Troopers from the Portsmouth Post initiated 156 criminal cases last year, seizing marijuana, heroin, cocaine, crack cocaine, methamphetamine, and chemicals used to manufacture meth, prescription pills, and cash.
“We’re not even done with January yet, and we’re getting double seizures a night,” Taulbee said. “So far, this month alone, they (troopers) seized over 6,800 pills, 145 grams of marijuana, seven ounces and 46 grams of heroin, 14 ounces and 44 grams of cocaine. We got a stolen car. We got stolen tags, two loaded handguns, and that’s just from basically three weeks.”
Taulbee also credited the inter-agency cooperation.
“We want to make the roadways safe, and it takes more than just us to do this, the whole law enforcement community,” Taulbee said. “I’m fortunate, with the New Boston PD, the Sheriff’s Department, and the Portsmouth PD, the Shawnee State (University) police, with David Thoroughman. We all work together as a group. We all discuss what’s going on and who needs help with what.”

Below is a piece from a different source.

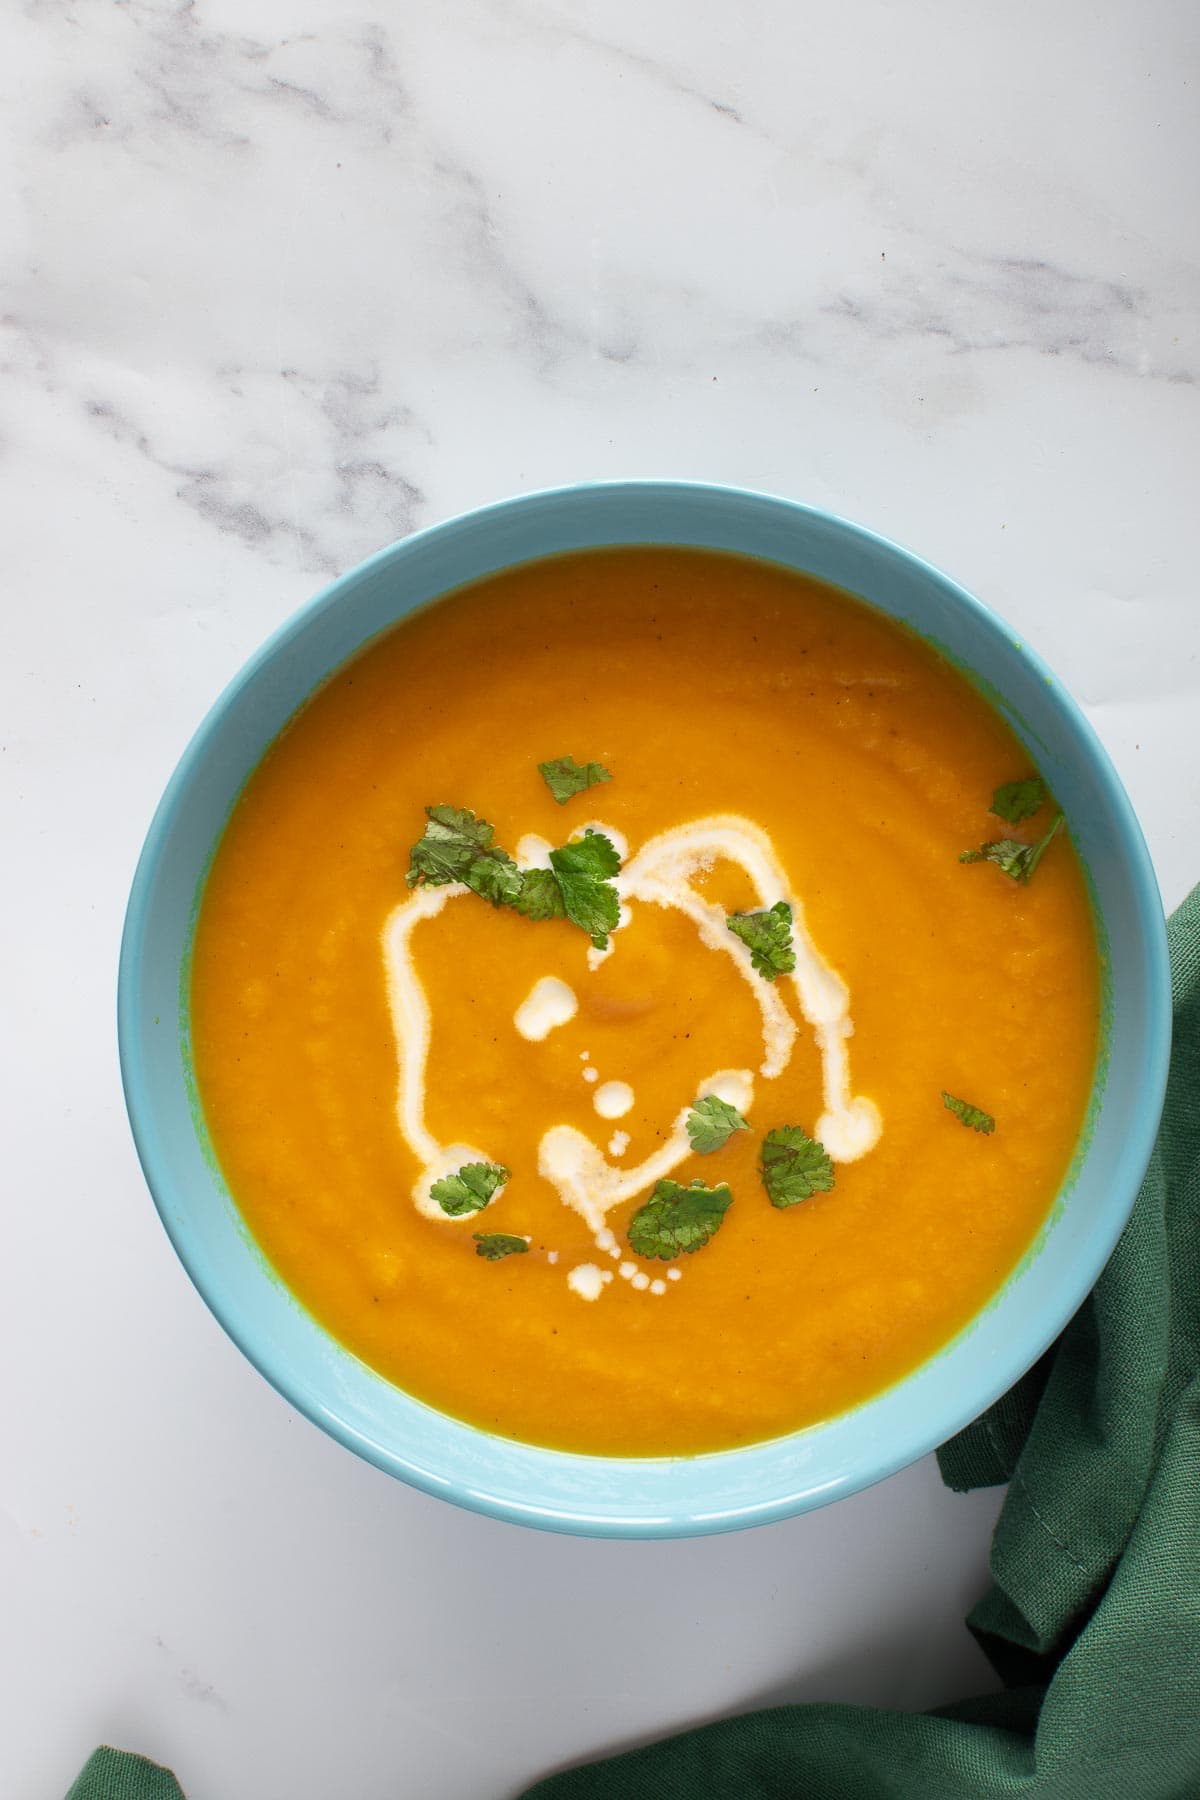 A bowl of carrot and ginger soup on a table.

Taulbee said Porter Township is the largest area of the county for automobile crashes, with that community accounting for a full 25 percent of the crashes.
“We’re going to be working with the the Sheriff’s Department, with the Porter Township deputies, and we’re just going to aggressively hit the red lights and stop signs in Porter Township, to get those crashes down,” Taulbee said. “Last year the city had three fatal crashes; two were alcohol related. I sat down with Chief (Robert) Ware and we got a game plan going on how we’re going to try to get those alcohol related crashes down, especially the fatals in the city.”

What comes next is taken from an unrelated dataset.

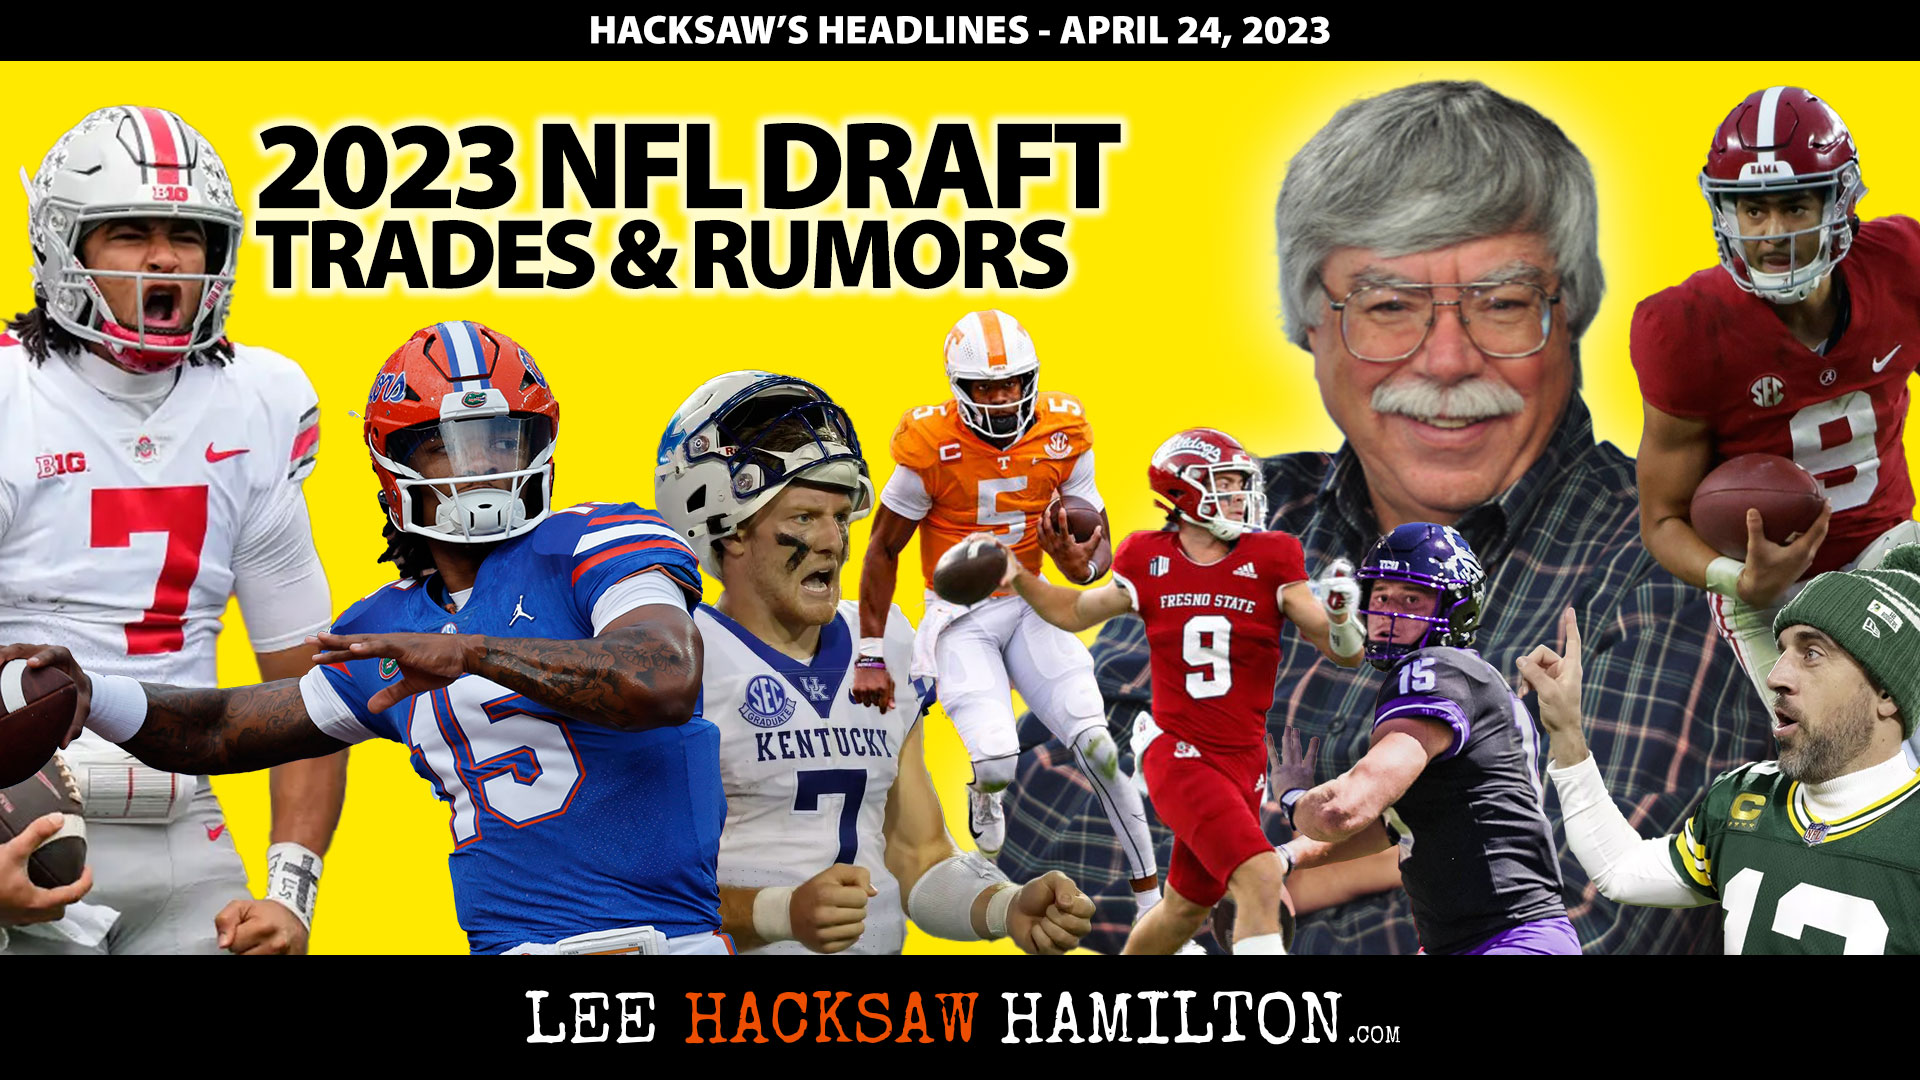 Lee Hacksaw Hamilton discusses the 2023 NFL Draft Preview

Taulbee said while the county’s crashes are down - their number of fatalities are up.
“We had 12 fatal crashes in 2011. We had 15 last year,” Taulbee said. “We also had two hit-skip fatal crashes, and one hit-skip resulted in serious injury. So I’m going to ask the public, when they are out and about, if they see a crash, to pay attention as to what the vehicle looks like - the drivers - to just kind of pay a little more attention to them. We don’t want people gawking or running off the road either. We just want them to be aware. The next day there might be a story in the Daily Times or on the radio, that we are looking for this information. And we need the public to be our eyes and ears.”
As a part of that effort, the OSHP will have a Community Shield training session at the Portsmouth Post. The training will be approximately one hour long and will consist of impaired driving detection, criminal patrol and illegal drug interdiction, homeland security, human trafficking, and how to safely report possible criminal activity and highway dangers.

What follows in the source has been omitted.